GIVEN MATERIAL
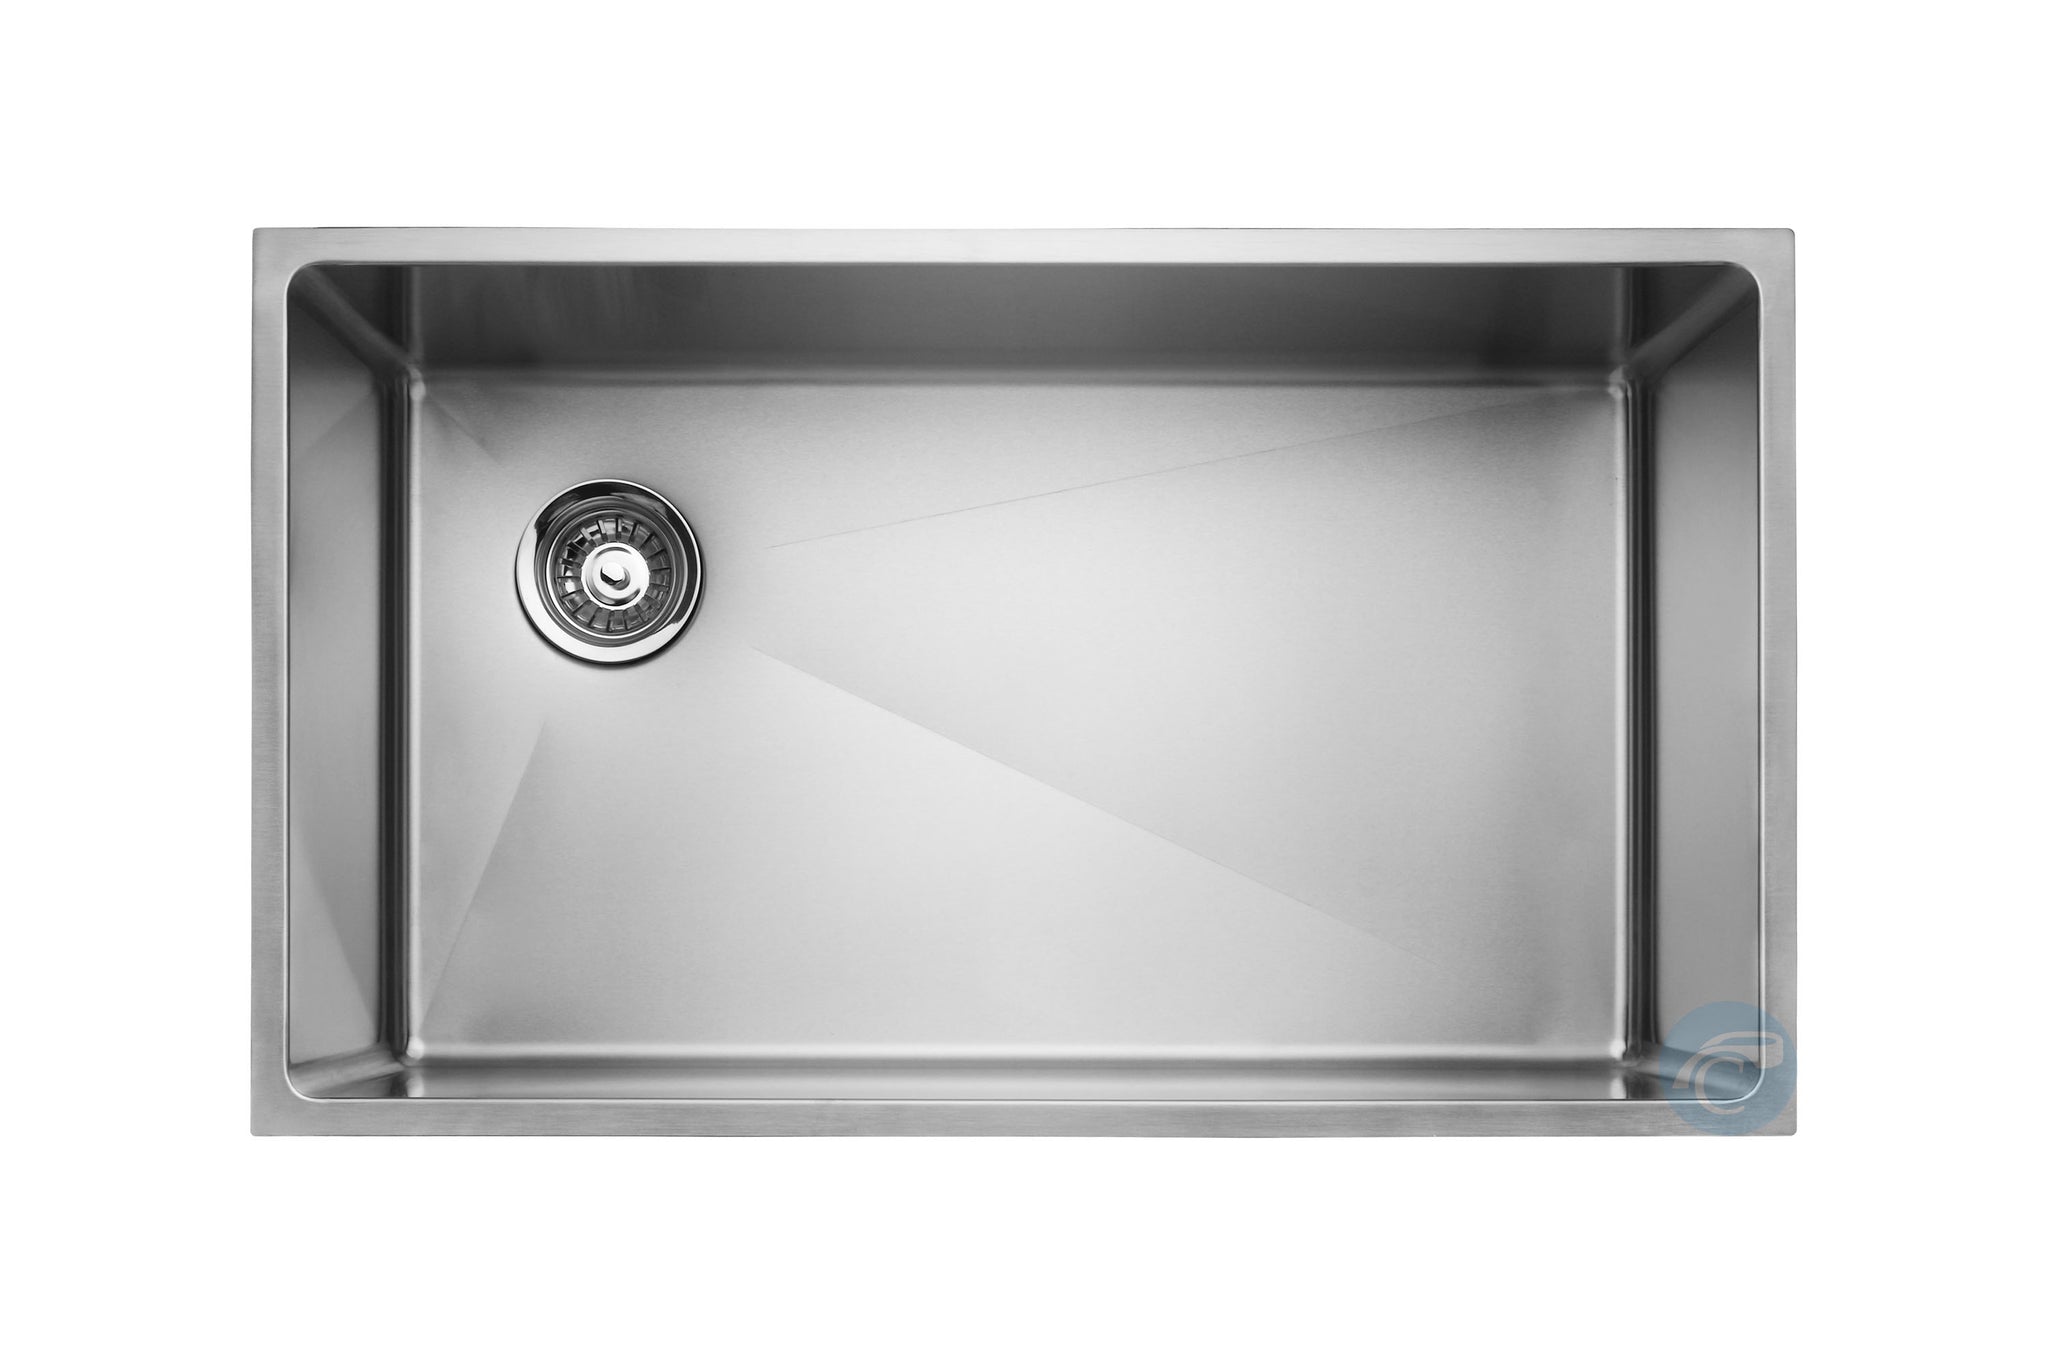 Master Chef Amiens Single Bowl Undermount Kitchen Sink With Drain On Left Side
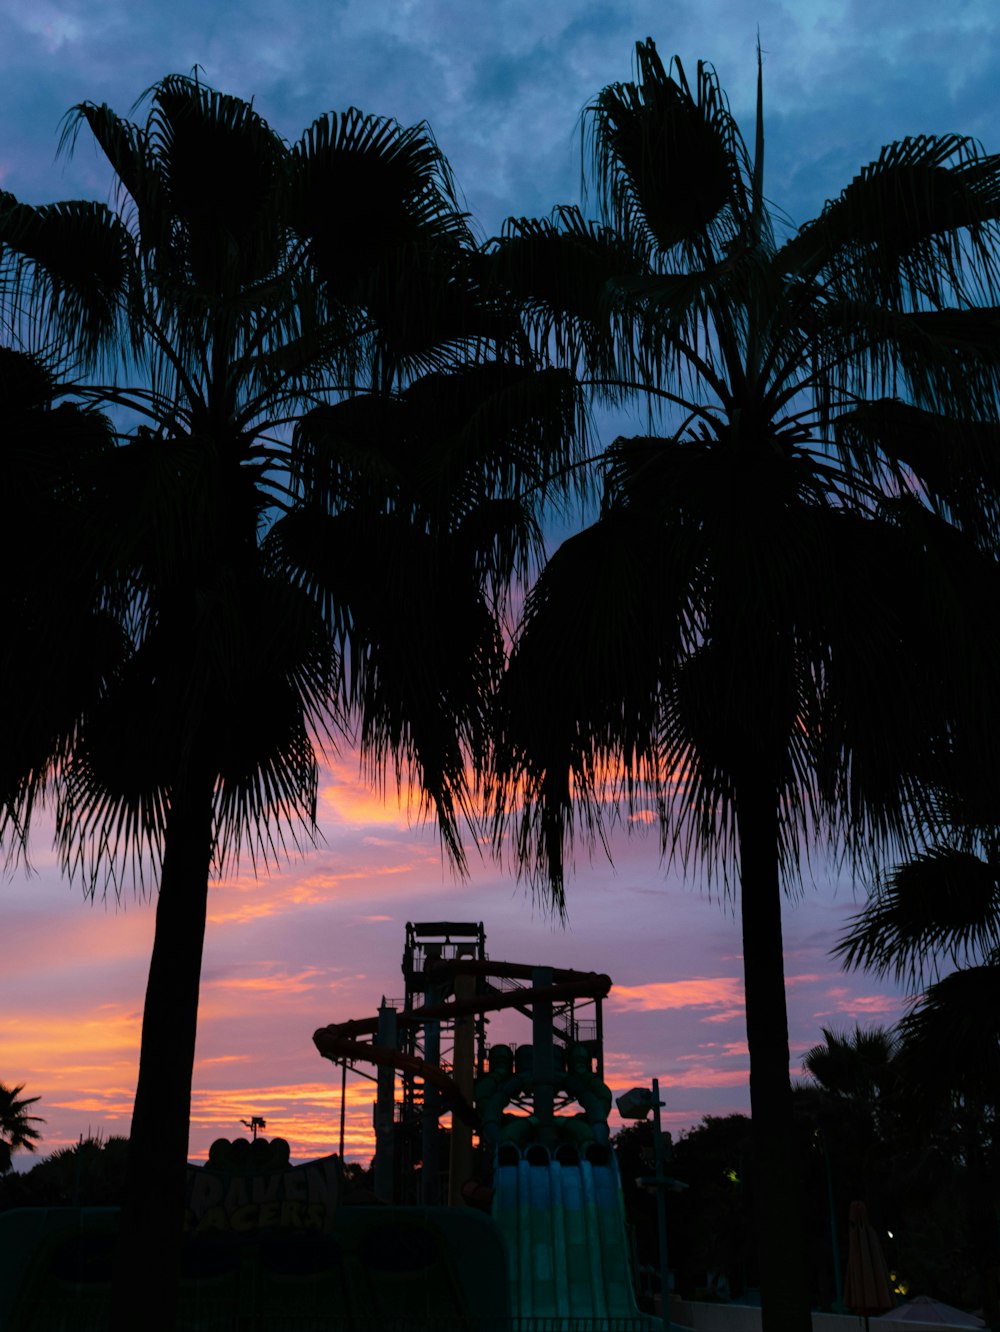 palm trees and a water slide at sunset
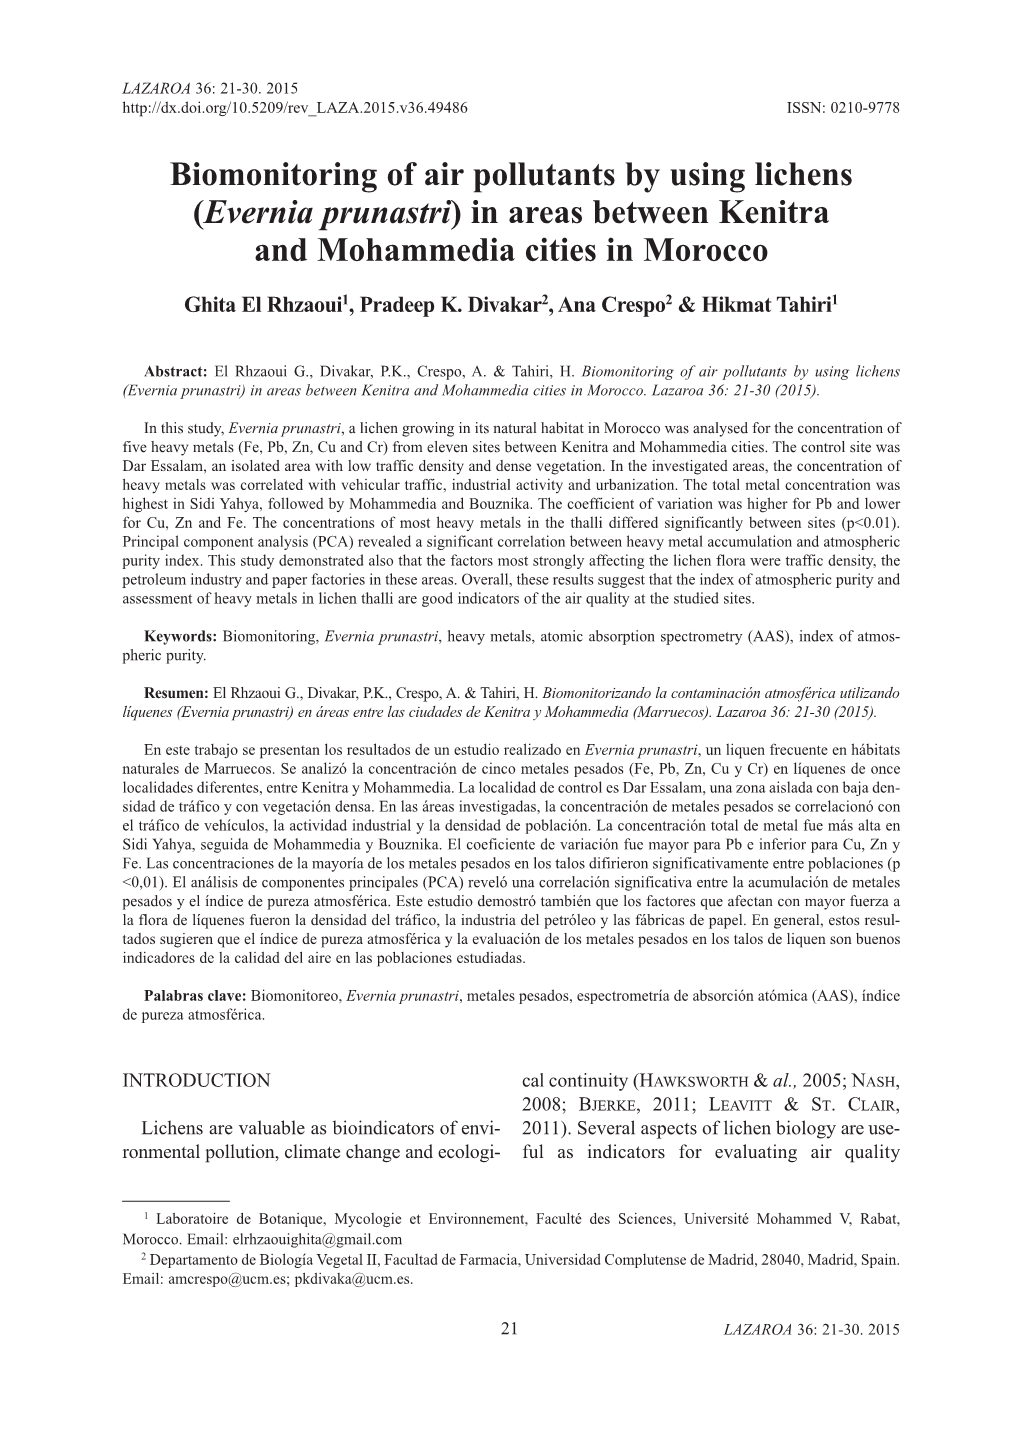 Biomonitoring of Air Pollutants by Using Lichens (Evernia Prunastri) in Areas Between Kenitra and Mohammedia Cities in Morocco

REQUIRED ACTION
With the pictures omitted, print each line of the data above precisely as given.

EXERCISE OUTPUT
 Master Chef Amiens Single Bowl Undermount Kitchen Sink With Drain On Left Side
 palm trees and a water slide at sunset
 Biomonitoring of Air Pollutants by Using Lichens (Evernia Prunastri) in Areas Between Kenitra and Mohammedia Cities in Morocco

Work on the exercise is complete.